Nutmeg is said have good carminative properties (Seenivasan et al., 2006)
Morita et al. (2003) have reported that myristicin from M. fragrans (nutmeg) possessed most potent hepatoprotective activity to rats with liver damage induced by lipopolysaccharide (LPS) plus D-galactosamine (D-GalN). It was reported that myristicin markedly suppressed LPS/D-GalN-induced enhancement of serum TNF-alpha concentrations and hepatic DNA fragmentation in mice.

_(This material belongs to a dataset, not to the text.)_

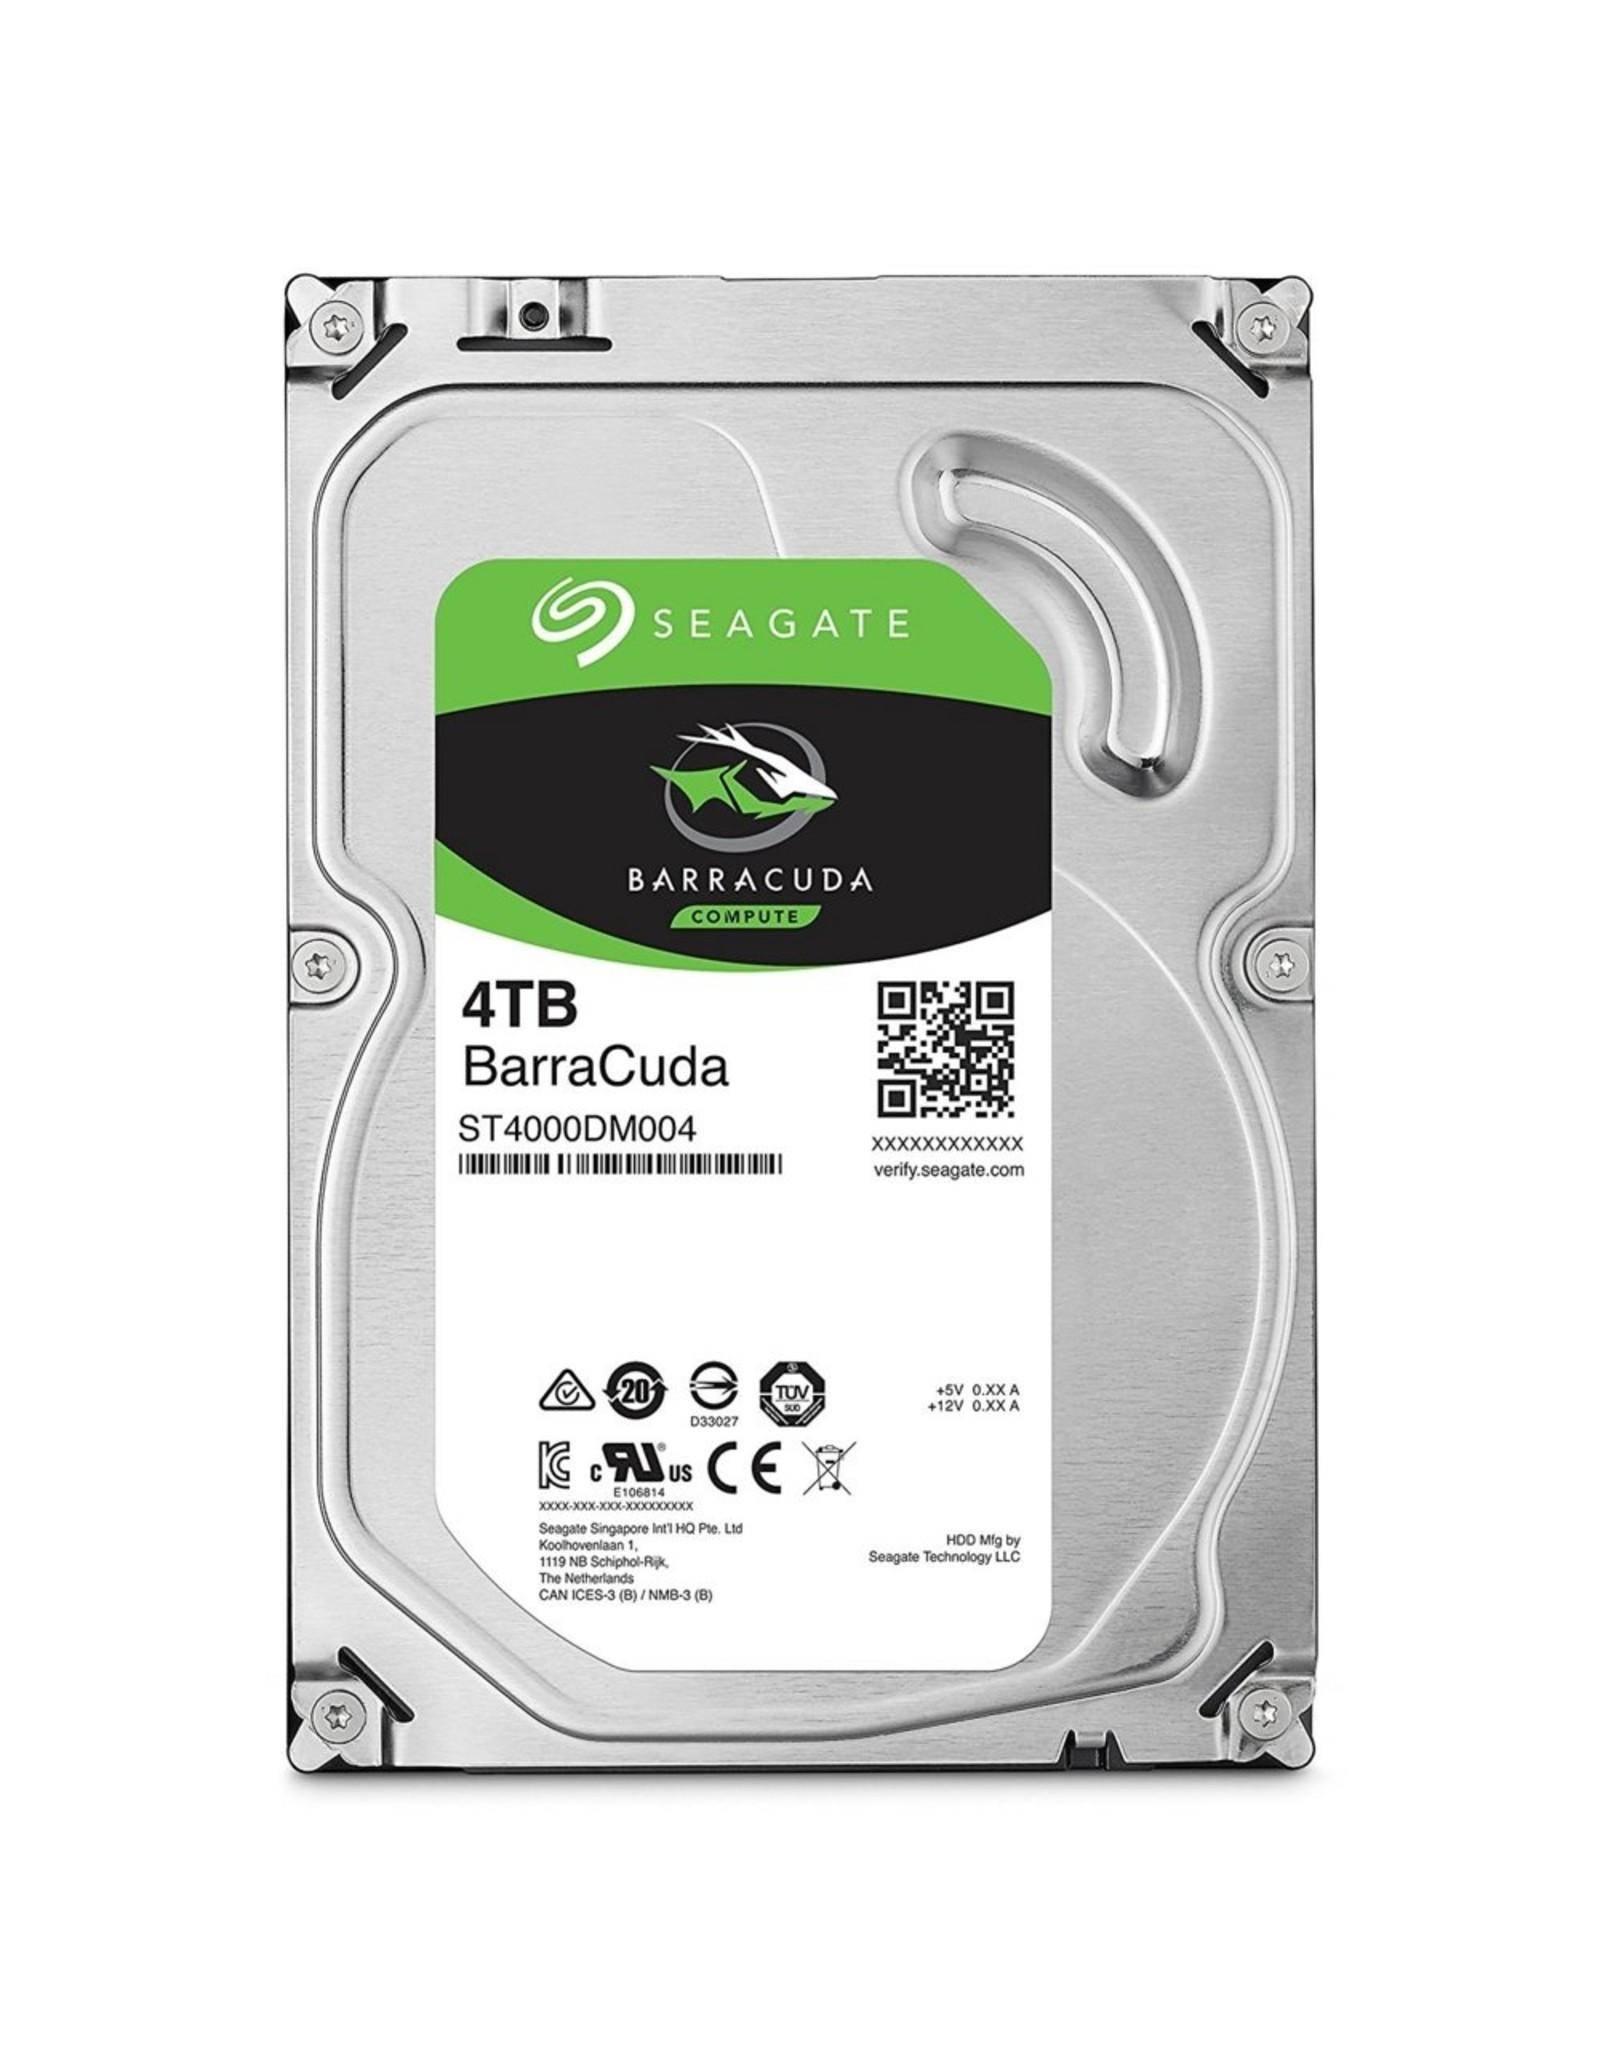 Seagate HDD  4TB - 3.5inch - 5400RPM - 256MB - SATA600

These findings suggest that the hepatoprotective activity of myristicin may be, at least in part, due to the inhibition of TNF-alpha release from macrophages. Sohn et al. (2008) observed that the hepatoprotective effects of macelignan, isolated from M. fragrans is related to activation of the mitogen activated protein kinase (MAPK) signaling pathway, especially JNK and c-Jun.
Nutmeg seeds increase the levels of serotonin that brings the relaxation of the body.(Pandey, 2005).
Extracts of nutmeg suppressed the growth of human lymphoid leukaemic cells, Molt 4 B (Moteki et al. 2002). Myristicin, present in the volatile oil of M. fragrans is a potential cancer chemo preventive agent (Zheng et al., 1992). The essential oil is reported to modulate the formation of DNA adducts by aflatoxinin vitro (Hashim et al., 1994). The dihydroguaiaretic acid from M. fragrans mace suppressed leukaemic cells, colon cancer and lung cancer cells in vitro (Park et al., 1998).
The mace of M. fragrans protected from bone marrow genotoxicity in male Swiss albino mice (Kumari 1992). It also significantly protected from methylcholanthrene-induced carcinogenesis in uterine cervix of mice (Hussain and Rao 1991) and had chemo preventive effects on dimethylbenz anthracene (DMBA)-induced papillo-magenesis in the skin of mouse (Jannu et al. 1991).